This PHP script executes monitoring and purging operations by a defined JSON file.

The idea behind backmon is that each backup has its own JSON backup_definition.json file which specifies how and when the backups are generated. backmon inspects the backup definition file(s) and can derive if a backup process has not been run or if old backups have to be discarded. To make the backups monitorable, backmon evaluates the backup definition(s), collect the status for each backup and prints them out in a Nagios-readable way.
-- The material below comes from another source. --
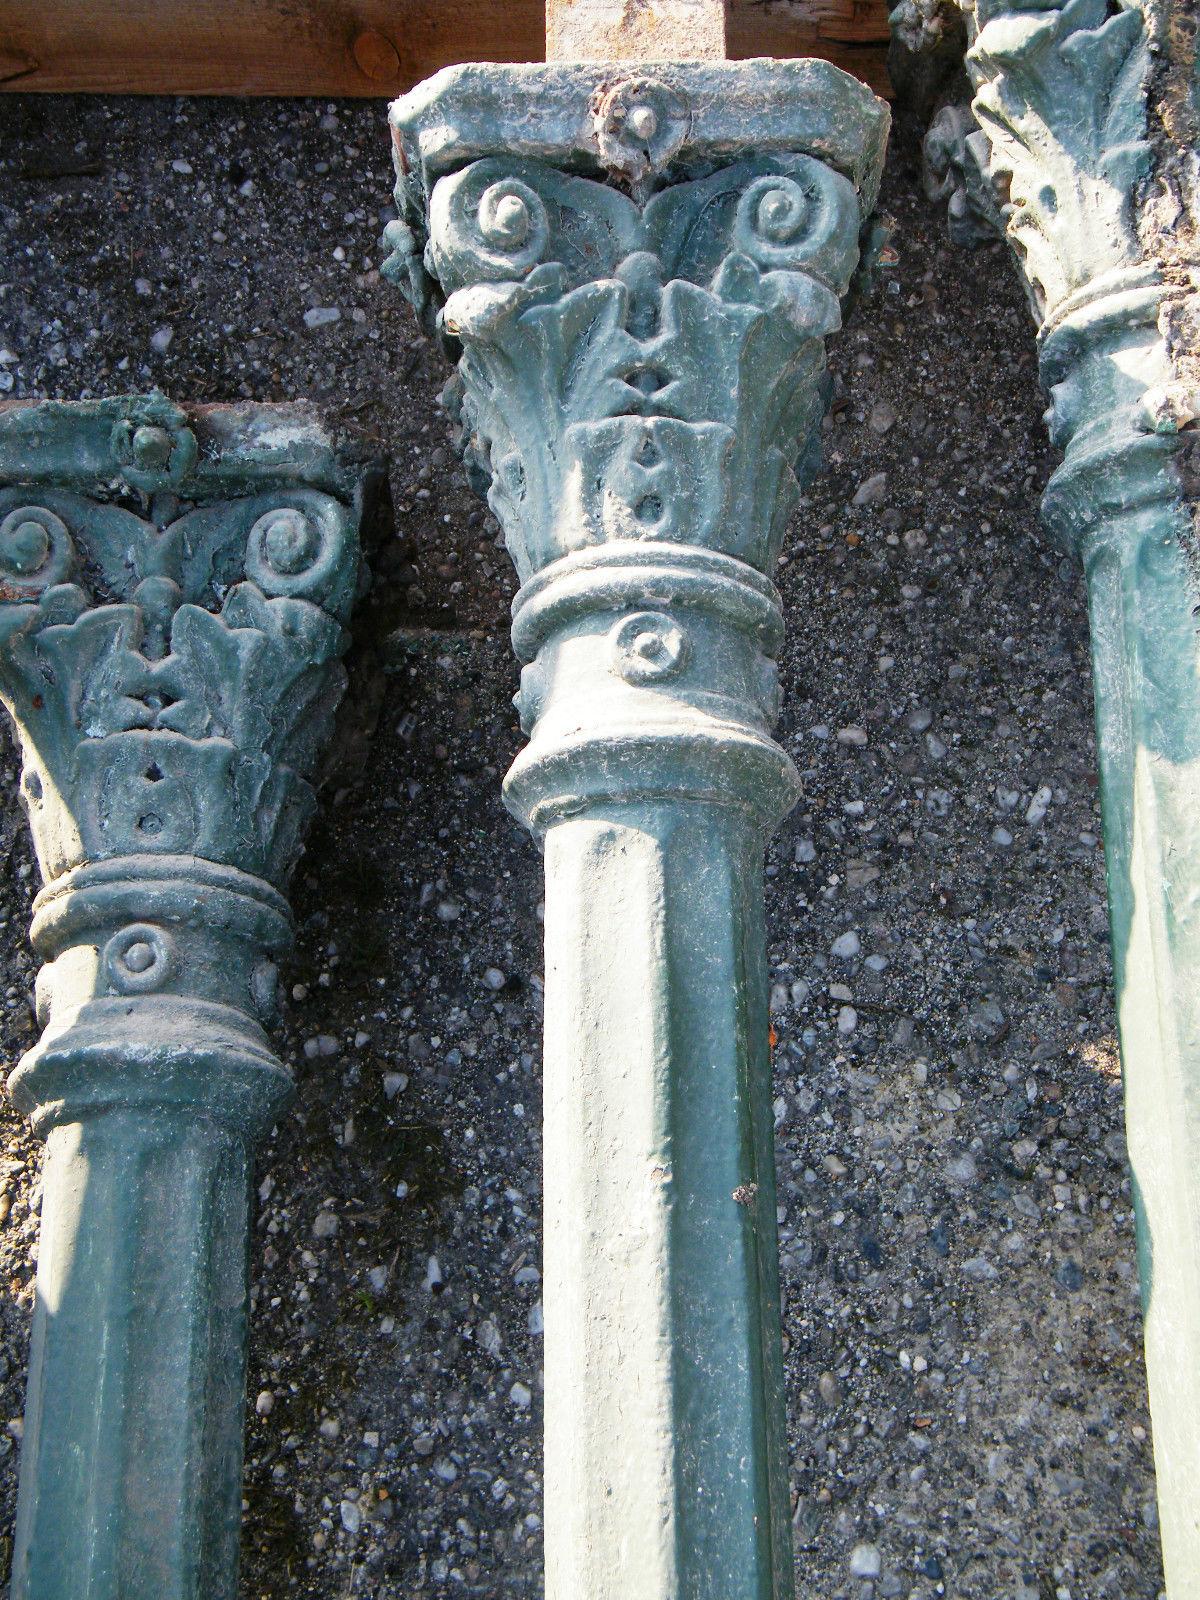 Gusssäule aus der Gründerzeit, sehr schöne verzierte Säule aus Gusseisen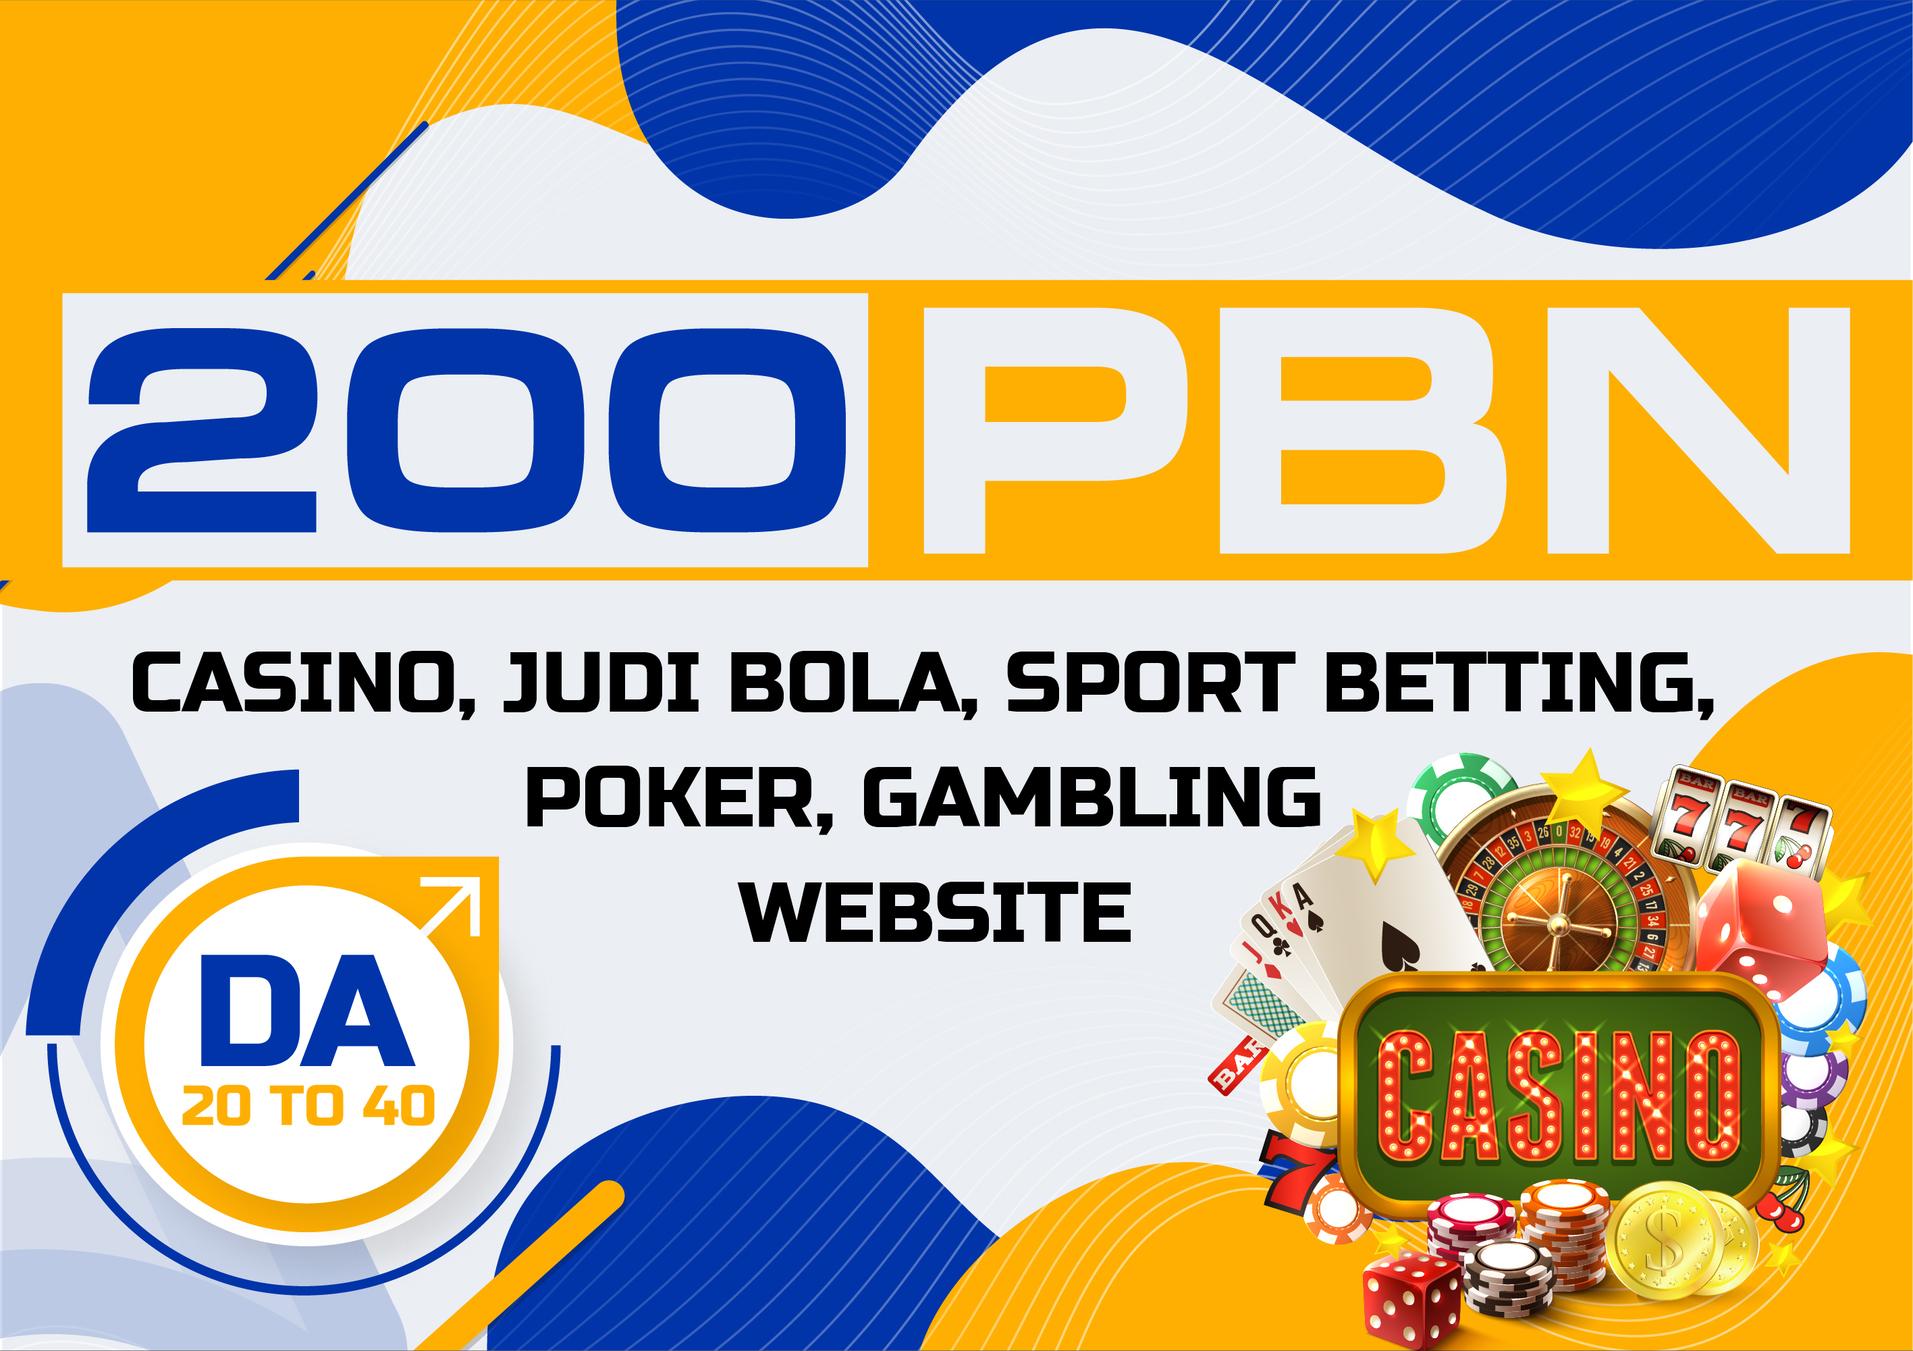 200 Casino / Gambling PBN Backlinks from Poker, Gambling, Online

You can use e.g. check-mk-agent to forward the backup statusses to OMD.

Installation

  • You have to install PHP >= 7.0
  • Get Composer to install the required dependencies.
  • To use size policies with files larger than 2 GByte, you have to install php-curl.

Usage

backmon supports different command line arguments

# search for backup_definitions.json in given directories
php runner.php [arguments] <path/to/directoryA> <path/to/directoryB> <path/to/directory...>

# use custom JSON file(s)
php runner.php [arguments] <path/to/configA.json> <path/to/configB.json> <path/to/config....json>

# file contains all JSON paths and base directories
php runner.php [arguments] -c path/to/defintions_container.json

-a | --action

With -a | --action you can specify the action to execute. This can be omd, info or purge

-c | --config-definitions

To scan for different backup_definitions.json you can either use the last command line parameters for this or you define multiple file containing these backup locations. If you use the -c switch you have to point the value to a JSON file which has the format

{
	"/path/to/backup_definition.json": null /* or "path/to/base/directory" */
}

-p | --policy

With the -p switch you are just enabling the defined policies and nothing more:

php runner.php -p cron,retention

would only execute the cron and retention policies but no other (like size).

-f | --force

Force purging. Otherwise only a dry-run is executed. No file is removed then.

--before-definition

Execute script before the definition runs. As first argument the base directory is passed to the script.

--after-definition

Execute script after the definition has been run. As first argument the base directory is passed to the script.

Configuration

In the root directory of your backup target create a backup_definition.json with the following content

[{
	"name": "Name of your backup script",
	"cron": "a valid cron expression when this backup script runs",
	"directories": {
		"my-backup-dir": {
			"files": {
				"backup.tar.gz": {
					"name": "My backup file",
				}
			}
		}
	}
}]

By executing php runner.php %path_to_backup_definition.json% the backup definition is read and the current status of this backup is checked.

Default configurations

With help of the defaults section you are able to define attributes which are used in each of the files entries. Each file entry can override the default configuration attribute.

[{
	"name": "Name of your backup script",
	"cron": "a valid cron expression when this backup script runs",
	"defaults": {
		"purge": "true"
	},
	"directories": {
		"my-dir": {
			"files": {
				"my-file.tar.gz": {
					"comment": "setting 'purge' is not required as it is already defined in 'defaults' section"
				}
			}
		}
	}
}]

Cron expression

The attribute cron must contain a valid crontab entry without comments.

Defining directories

Each element of the directories object specifies a directory location containing backup files of any sort. For a generic configuration you can use the placeholder {{ ... }}. Every placeholder is assigned to a variable in the underlying context.

"directories": {
	"mysql/{{year}}/{{month}}": {
	}
}

matches the folders mysql/2017/01, mysql/2017/02 and so on. The variables ${year} and ${month} contain the name of the subfolders.

Defining files

The files section contains a list of real files like TARed SQL dumps etc:

"files": {
	"sqldump.tar.gz": {
		"name": "SQL dump"
	}
}

You can also use variables like

"directories": {
	"mysql/{{year}}/{{month}}": {
		"files": {
			"sqldump_${year}_${month}.tar.gz": { }
		}
	}
}

This would match the file mysql/2017/01/sqldump_2017_01.tar.gz but (obviously) not mysql/2017/01/sqldump_201701.tar.gz.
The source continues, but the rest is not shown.